Message ID	20200912140730.1.Ie67fa32009b94702d56232c064f1d89065ee8836@changeid
State	Accepted
Commit	fc129a43aa2705770dc45b2e9c506d2617fd5863
Headers	show Return-Path: <SRS0=elUy=CV=vger.kernel.org=linux-arm-msm-owner@kernel.org> From: Douglas Anderson <dianders@chromium.org> To: Mark Brown <broonie@kernel.org> Cc: Akash Asthana <akashast@codeaurora.org>, swboyd@chromium.org, Douglas Anderson <dianders@chromium.org>, Andy Gross <agross@kernel.org>, Bjorn Andersson <bjorn.andersson@linaro.org>, linux-arm-msm@vger.kernel.org, linux-kernel@vger.kernel.org, linux-spi@vger.kernel.org Subject: [PATCH 1/3] spi: spi-geni-qcom: Use the FIFO even more Date: Sat, 12 Sep 2020 14:07:59 -0700 Message-Id: <20200912140730.1.Ie67fa32009b94702d56232c064f1d89065ee8836@changeid> MIME-Version: 1.0 Content-Transfer-Encoding: 8bit Sender: linux-arm-msm-owner@vger.kernel.org Precedence: bulk
Series	[1/3] spi: spi-geni-qcom: Use the FIFO even more \| expand [1/3] spi: spi-geni-qcom: Use the FIFO even more [2/3] spi: spi-geni-qcom: Don't program CS_TOGGLE again and again [3/3] spi: spi-geni-qcom: Slightly optimize setup of bidirectional xfters

Doug Anderson Sept. 12, 2020, 9:07 p.m. UTC

In commit 902481a78ee4 ("spi: spi-geni-qcom: Actually use our FIFO") I
explained that the maximum size we could program the FIFO was
"mas->tx_fifo_depth - 3" but that I chose "mas->tx_fifo_depth()"
because I was worried about decreased bandwidth.

Since that time:
* All the interconnect patches have landed, making things run at the
  proper speed.
* I've done more measurements.

This lets me confirm that there's really no downside of using the FIFO
more.  Specifically I did "flashrom -p ec -r /tmp/foo.bin" on a
Chromebook and averaged over several runs.
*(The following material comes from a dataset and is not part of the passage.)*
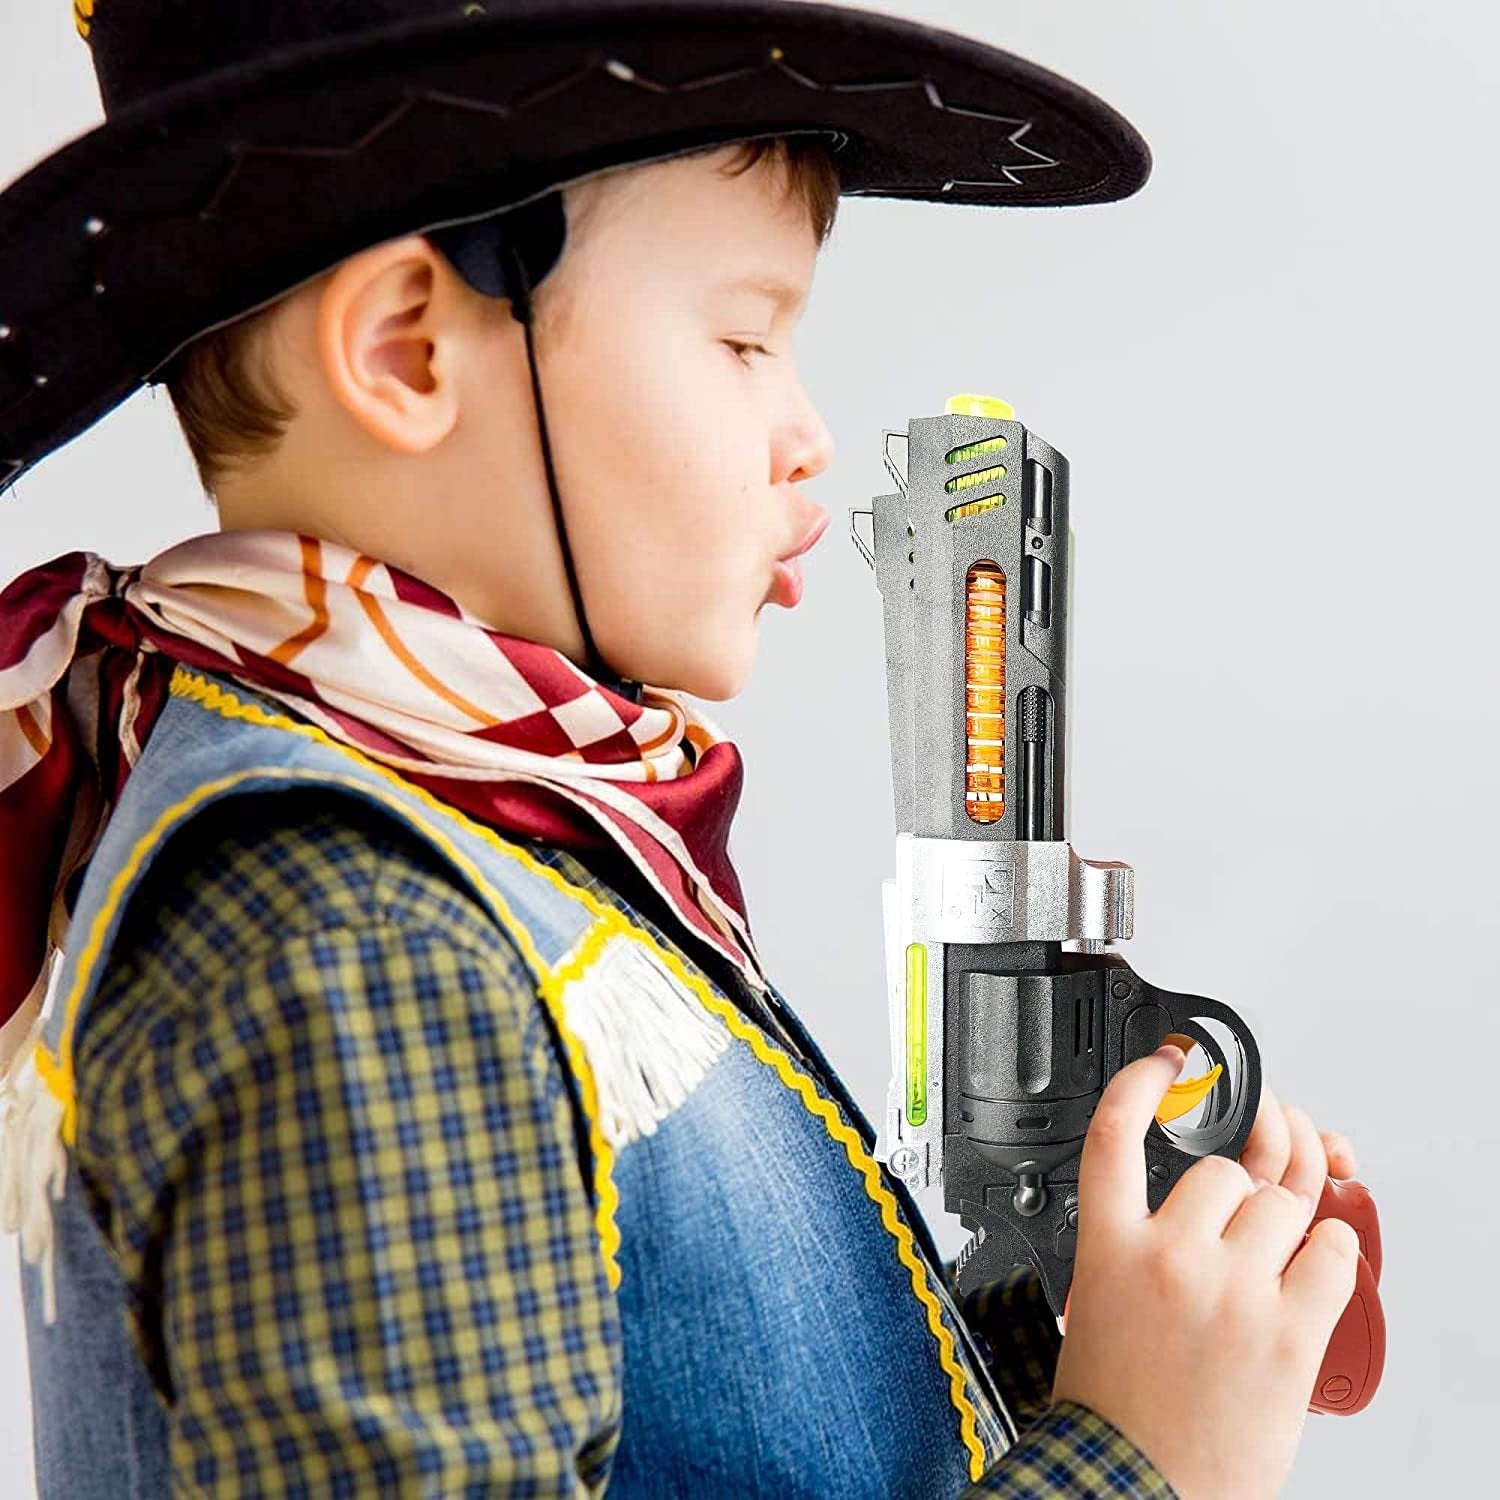 Pistol Style Play Gun with Lights and Sound, 12" Revolver with Cool LED Effects and Realistic Firing Sounds, Great Birthday Gift for Kids - Batteries Not Included

Before: It took 6.66 seconds and 59669 interrupts fired.
After:  It took 6.66 seconds and 47992 interrupts fired.

Signed-off-by: Douglas Anderson <dianders@chromium.org>
---

 drivers/spi/spi-geni-qcom.c | 2 +-
 1 file changed, 1 insertion(+), 1 deletion(-)

Bjorn Andersson Sept. 12, 2020, 10:53 p.m. UTC | #1

On Sat 12 Sep 16:07 CDT 2020, Douglas Anderson wrote:

> In commit 902481a78ee4 ("spi: spi-geni-qcom: Actually use our FIFO") I
> explained that the maximum size we could program the FIFO was
> "mas->tx_fifo_depth - 3" but that I chose "mas->tx_fifo_depth()"
> because I was worried about decreased bandwidth.
> 
> Since that time:
> * All the interconnect patches have landed, making things run at the
>   proper speed.
> * I've done more measurements.
> 
> This lets me confirm that there's really no downside of using the FIFO
> more.  Specifically I did "flashrom -p ec -r /tmp/foo.bin" on a
> Chromebook and averaged over several runs.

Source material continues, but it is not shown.